- I thought a great deal, as I often do, about just how lucky I have been to escape the gravity of my hometown Lubbock. Growing up, I always felt lonely, through a combination of a protective parent trying earnestly to prevent her young Black son from being in the wrong place at the wrong time and through my own conflicting views on what constitutes friendship. I have long been the type of person to have only a very few close friends and I was content to spend my time either gaming, reading, or just generally thinking. I would learn early that my ambition far exceeded my reach in this hamlet and that if I ever wanted to really reach my dreams, it would behoove me to relocate.
Ironically, the street names I would pass on my way to school in Lubbock referenced other schools and cities (Indiana, Utica, etc.) and provided an excuse to consider life in another zip code; this practice has since been changed to honor local heroes such as the Marsha Sharp Freeway. However, I'd wager that it is impossible not to consider how green the grass might be elsewhere in a city of 200,000+ built on the foundation of environmentally hostile cotton growing and with a Republican power base predicated on moral and historical authority.
This is not to criticize the many people whose paths I've crossed in my purgatory in Lubbock who still reside there. One lesson I've learned personally and professionally is that what is acceptable, normal, or sacred to one isn't necessarily for another. Many people I know have been content to establish families and careers in Lubbock and power to them. For me, though, I found Lubbock to be a place where dreams rot on the vine and I'm forever grateful for Pittsburgh for wresting me from its grasp and allowing me to live and die, soar and fall, on my own merits.
- In my personal and professional life, I've often served as a sounding board, a shoulder to cry on, or an advocate for my friends and colleagues. It can absolutely be emotionally draining and difficult to be available for others when time and other commitments leaves no room for oneself. I've tried to maintain my sanity and happiness by doing three things daily: doing for my space, my significant other, and myself.
It's of course unrealistic to expect that these goals are met every day, even with the help of calendars, charming notes left on bulletin boards, or even the best of intentions; but every day when I come home, I try to find at least one chore to complete so that the house doesn't evolve into some sentient mass of food encrusted dishes and ultra white paint. The intensity of the chore, of course, changes with the type of day I've had at work; sometimes, I'm content to just do a load of laundry and leave it at that, and this past Sunday, I reorganized our entire linen closet into a shrine of folding styles.
Of course, my relationship with Chavonne sustains me beyond anything else and catching up with my best friend is something I look forward to. Sometimes, simply sitting down and engaging (or commiserating) about our work is enough for us and others, we enjoy a board game together or even some video games.
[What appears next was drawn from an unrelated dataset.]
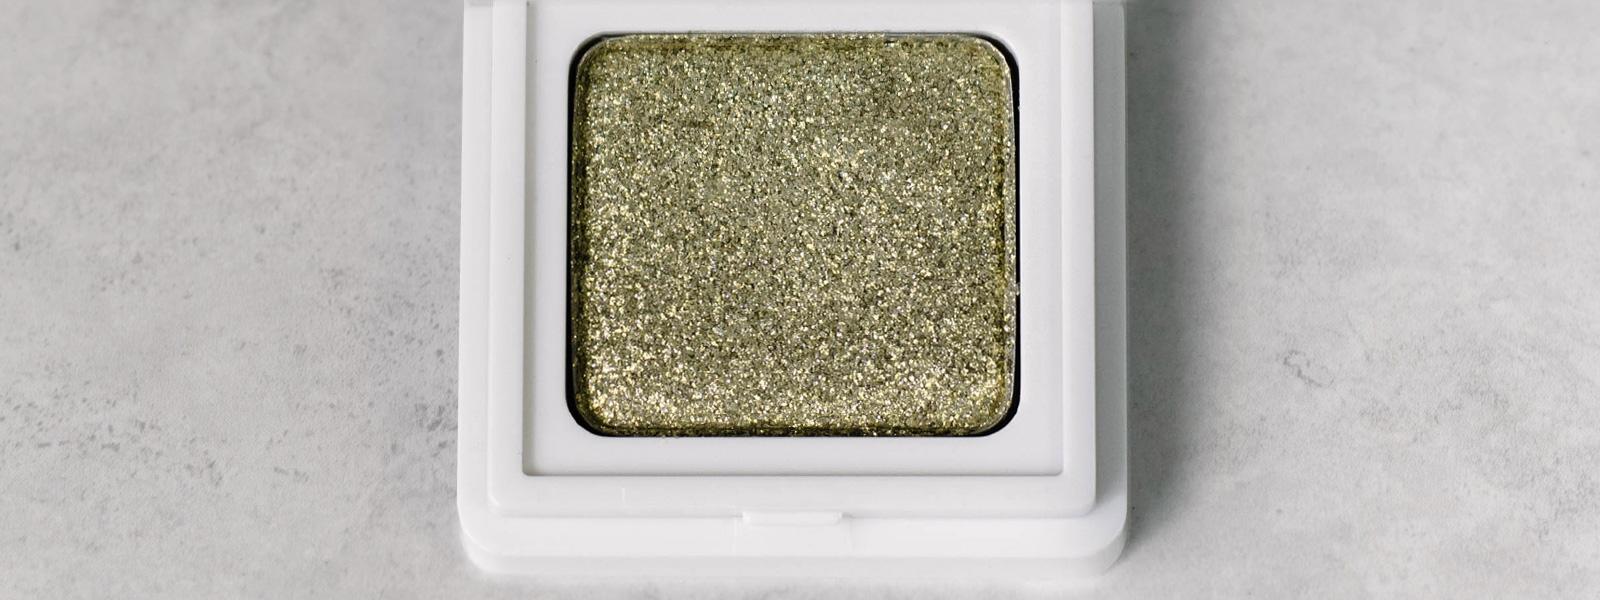 natasha denona eye shadow true gold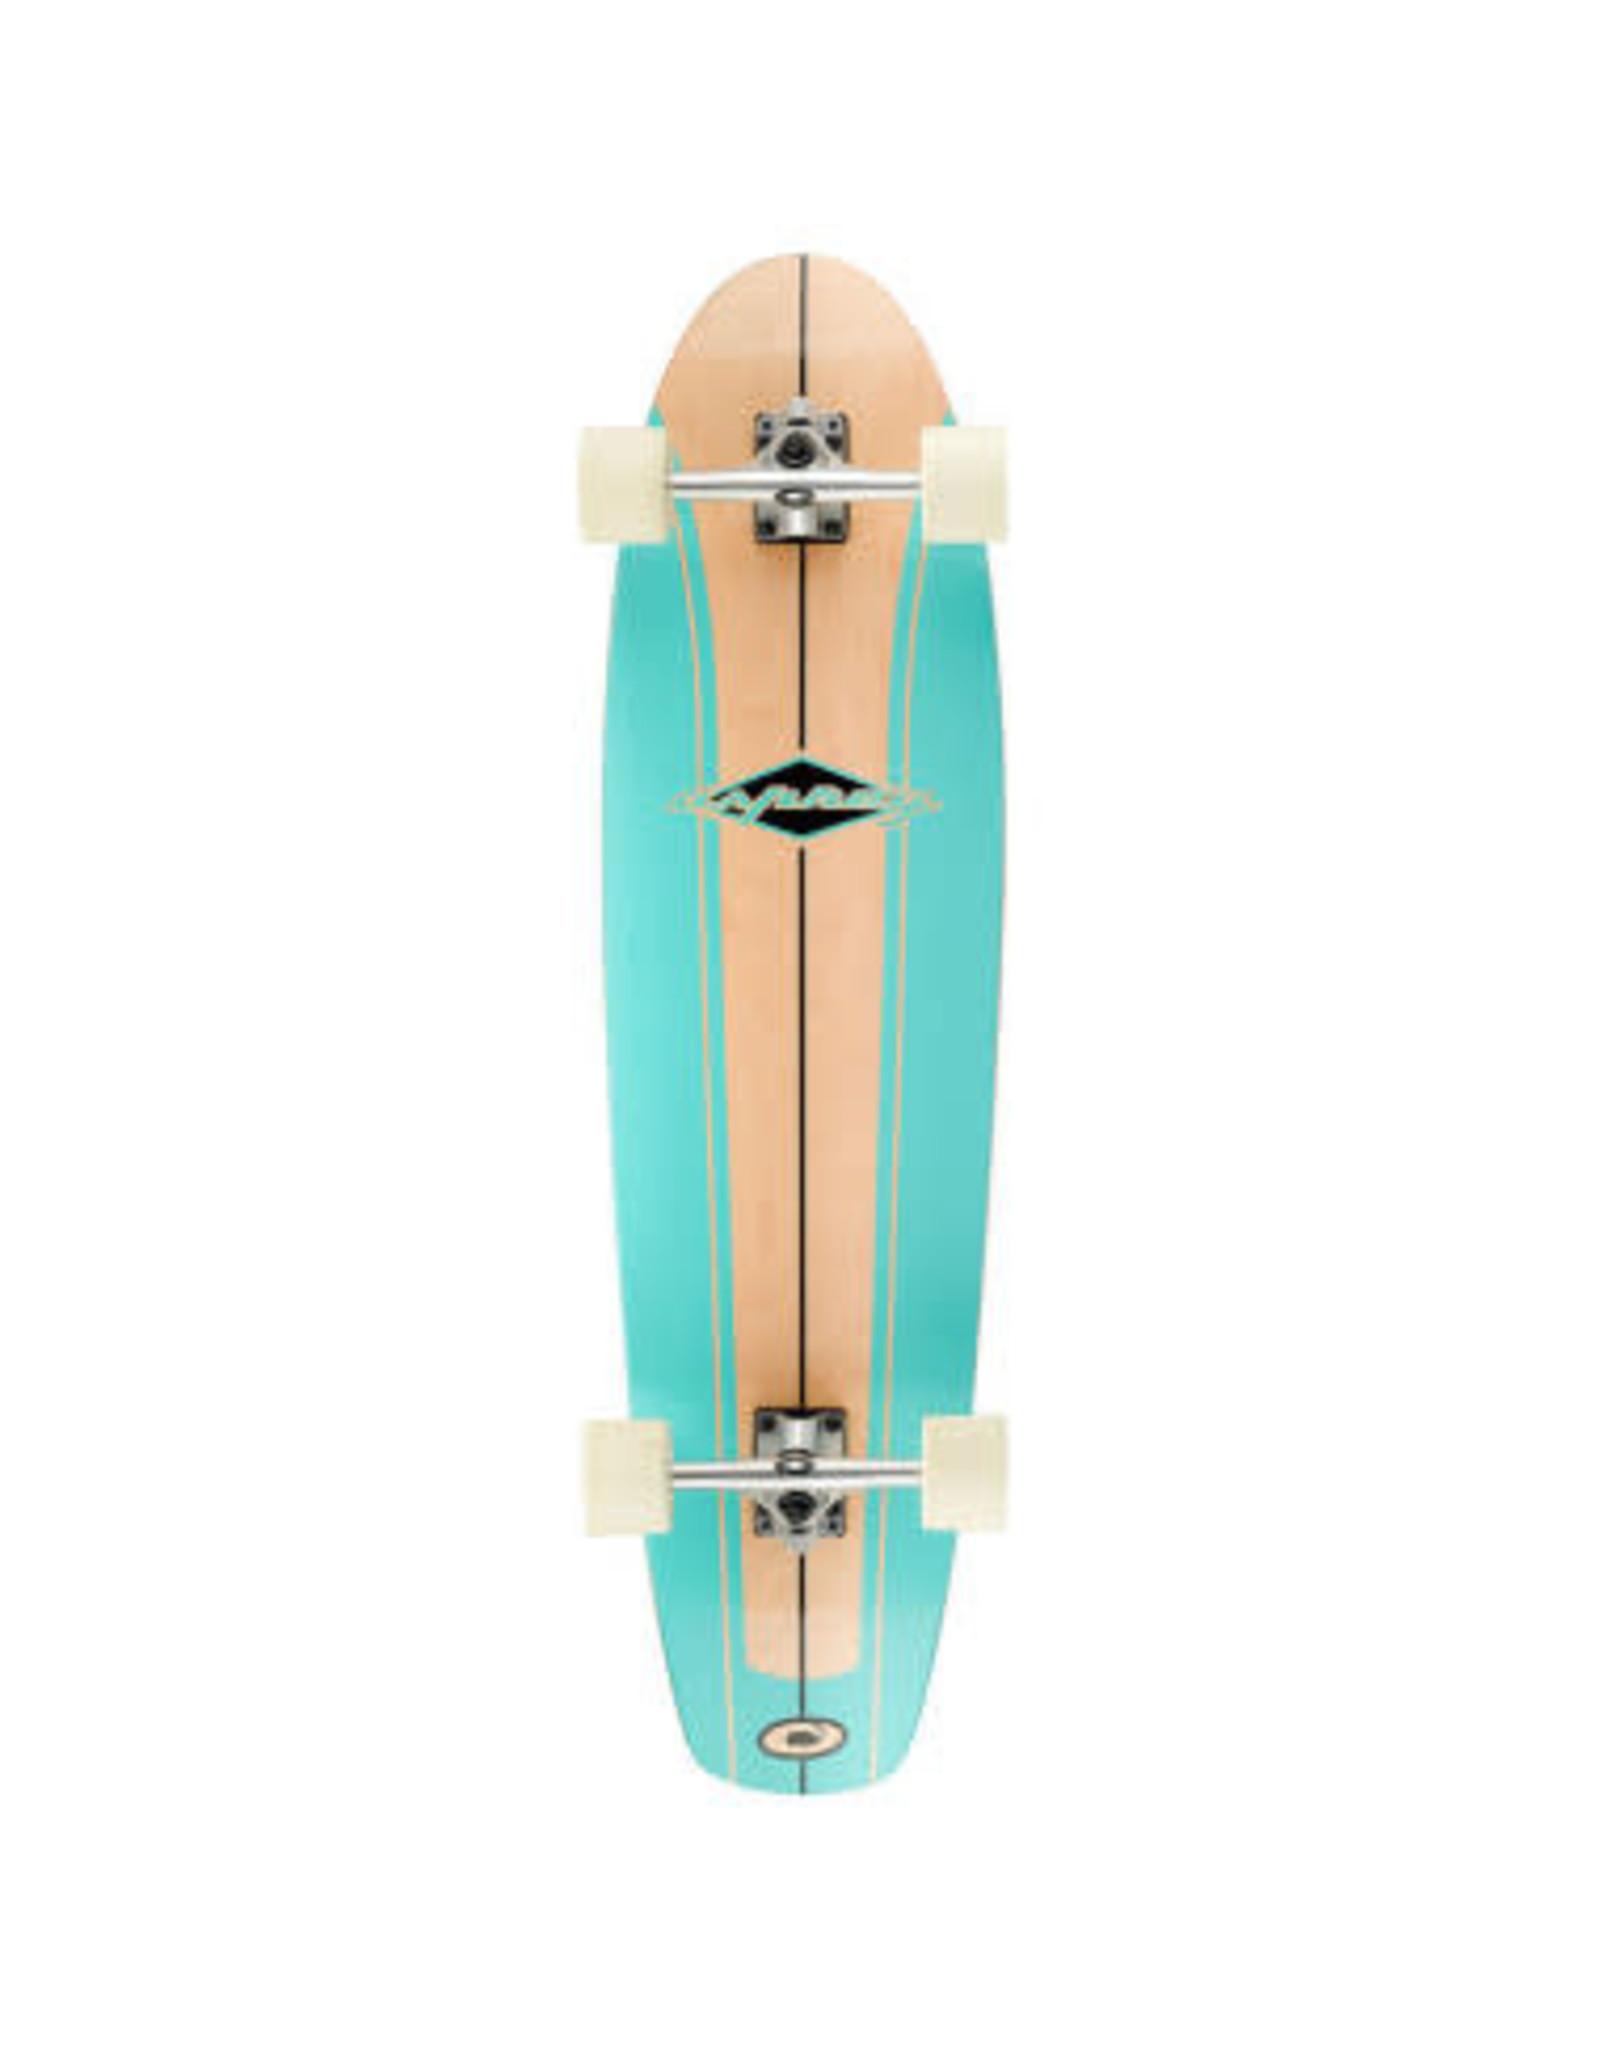 "Osprey Osprey Drive In 38"" Longboard Skateboard"

However we make it happen, Chavonne and I always put one another first because we make one another live.
Ideally, I enjoy some down time for myself to collect my thoughts, push aside negativity, or put events in perspective. Nowadays, that happens most often in my car on the way home. I consider what I've said, or left unsaid, and I dread my work for the next day. Often, I call home to ingratiate myself into the perspective of someone else and then return to my life with fresh eyes. Although I'm not able to game as much as I like anymore (and I expect this trend will continue until graduation), rarely I'm able to fit in an hour or so of level grinding or some less intensive puzzling or the like. In social work, where you confront some of the most bleak and lightless situations, it's vital to have a sanctuary of heart and mind to turn to.
I'm so glad you're back to blogging. You are the stongest, best person I know and I'm so proud of your hard work. If I didn't have you to come home to, my life wouldn' make sense. I love you.